Existing uniqueness constraints on non-empty identifiers should remain conservative. They protect the API and backfill from accidental duplicate canonical organizations.
### OrganizationSourceExtension
Add a new polymorphic base model:
- `uid`
- `organization`
- `source_group`
- `title`
- `status`
- `records_count`
- `first_seen_at`
- `last_seen_at`
- `last_load_batch`
- `metadata`
- timestamps
Constraints:
- One extension per `(organization, source_group)`.
Subclasses:
- `FinancialIndicatorsExtension`
- `GovernmentProcurementExtension`
- `IndustrialProductionExtension`
- `PlannedInspectionExtension`
- `BankruptcyExtension`
- `DefenseSupplierExtension`
- `ArbitrationExtension`
- `SecurityRegistryExtension`
- `VacancyExtension`
Rationale: `Organization` itself must not be polymorphic because one organization can have many source groups simultaneously. The polymorphic boundary belongs to source extensions.
### OrganizationSourceRecord
Use one subordinate detail table for most source rows:
- `uid`
- `extension`
- `record_type`
- `source`
- `external_id`
- `title`
- `record_date`
- `amount`
- `status`
- `url`
- `payload`
- `legacy_model`
- `legacy_pk`
- `load_batch`
- timestamps
Constraints:
- Unique `(source, external_id)` when `external_id` is non-empty.
- Unique `(legacy_model, legacy_pk)` for migrated legacy rows.

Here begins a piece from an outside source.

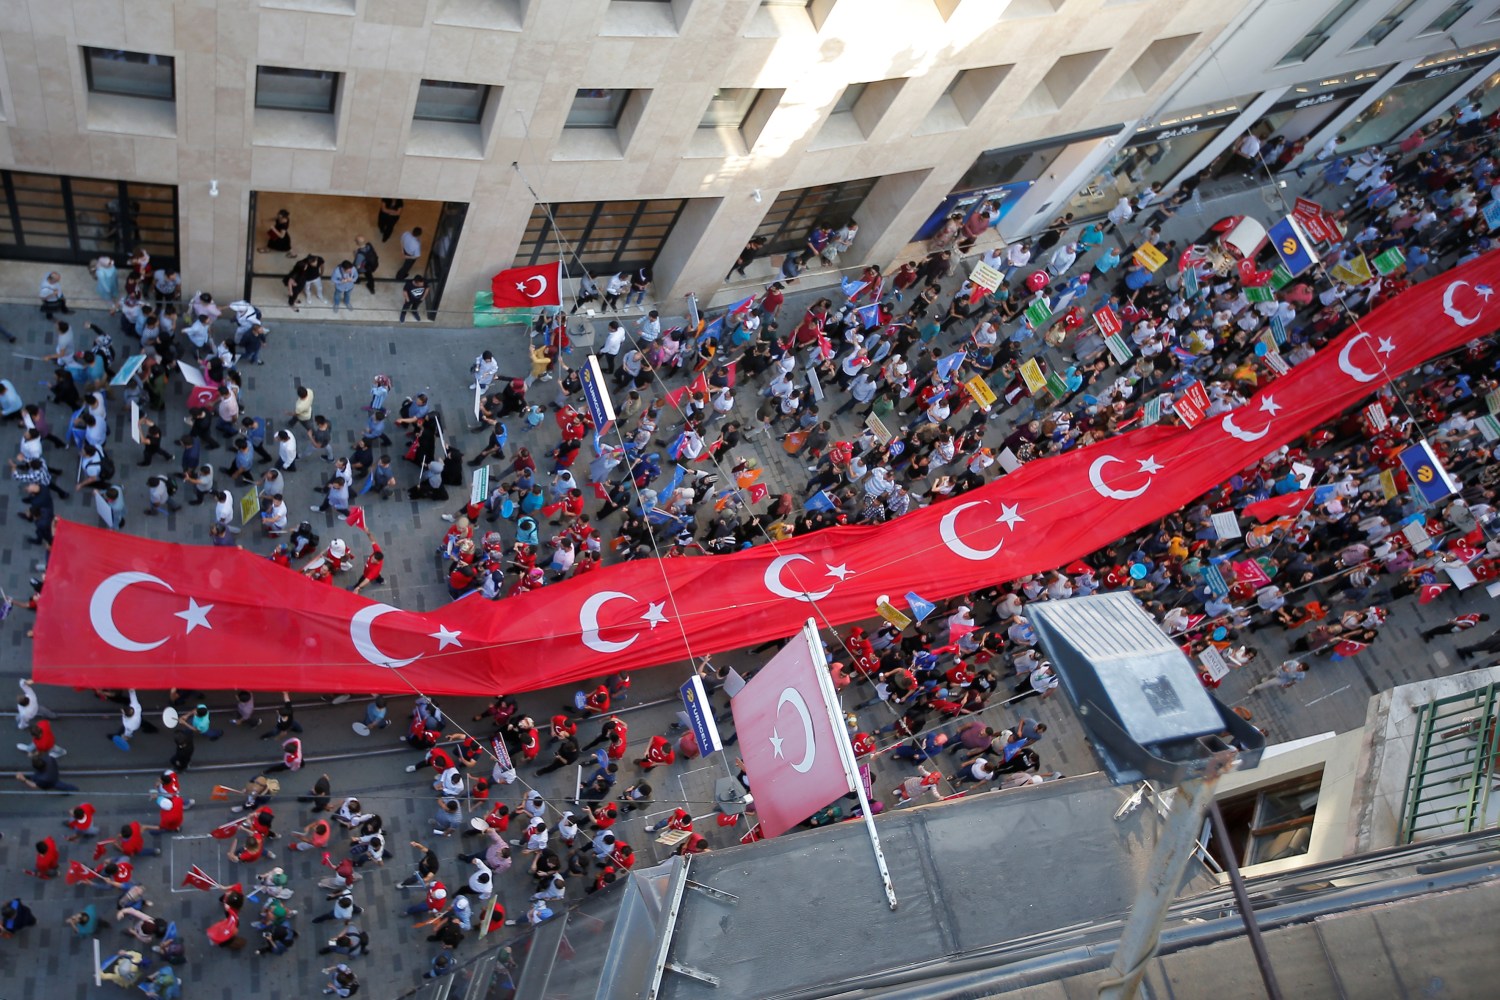 Supporters of Turkish President Tayyip Erdogan carry a huge Turkish flag during a pre-election gathering in Istanbul, Turkey, June 20, 2018. REUTERS/Huseyin Aldemir - RC194386C110

This keeps the number of tables low while still preserving every source-specific payload.
### FinancialReportLine
Financial report lines remain a subordinate table because they are structured, repeated, and likely to be queried by year/form/line:
- `source_record`
- `form_code`
- `line_code`
- `line_name`
- `year`
- `period_start`
- `period_end`
The existing legacy `FinancialReportLine` table is used only as a staging source after the migration.
## Backfill Rules
Backfill must be idempotent.
For each legacy row:
1. Resolve canonical `Organization` by identifiers in this order:
- exact `inn + kpp` where available,
- exact `ogrn`,
- exact `ogrip`,
- exact `inn` only when it maps to one canonical organization,
- normalized name fallback only when there is one unambiguous match.
2. If no organization can be resolved, create or reuse an organization with `identity_status=missing` or `partial`.
3. Create or update the matching `OrganizationSourceExtension`.
4. Create or update `OrganizationSourceRecord`.
5. Preserve the original source row in `payload`.
6. Store `legacy_model` and `legacy_pk` for audit and repeatable updates.
## API Shape
The new API should be organization-centric:
- `GET /api/v2/organizations/`
- `GET /api/v2/organizations/{uid}/`
- `GET /api/v2/organizations/{uid}/sources/`
- `GET /api/v2/organization-sources/{uid}/records/`
The list endpoint can expose compact source summaries:
```json
{
"uid": "...",
"name": "...",
"inn": "...",
"ogrn": "...",
"identity_status": "complete",
"sources": [
{
"uid": "...",
"source_group": "planned_inspections",
"title": "Плановые проверки Генпрокуратуры России",
"records_count": 12,
"last_seen_at": "2026-05-18T00:00:00Z"
}
]
}
```
Source records are fetched on demand from the extension, not embedded into every organization list row.
## Migration Phases
1. Add dependency and schema.
2. Add idempotent backfill service and management command.
3. Backfill all existing legacy parser data into source extensions.
4. Switch API v2 to source extensions.
5. Update frontend generated clients and source pages.
6. After verification, remove `OrganizationDataSnapshot` and legacy parser tables in a separate cleanup phase.
## Non-Goals For First Pass
- No destructive deletion of legacy parser tables before backfill verification.
- No attempt to make all source payloads strongly typed immediately.
- No frontend visual redesign; only data contract changes needed for the new schema.
## Risks
- Polymorphic subclass queries add joins. List endpoints must query the base extension compactly and load records only on demand.
- Legacy rows without identifiers require name fallback and can create duplicates. The command must report unresolved/created organizations.
- Current v2 filters use source-specific existence checks. They must move to extension existence filters.
- Frontend generated API clients will break and must be regenerated after backend OpenAPI changes.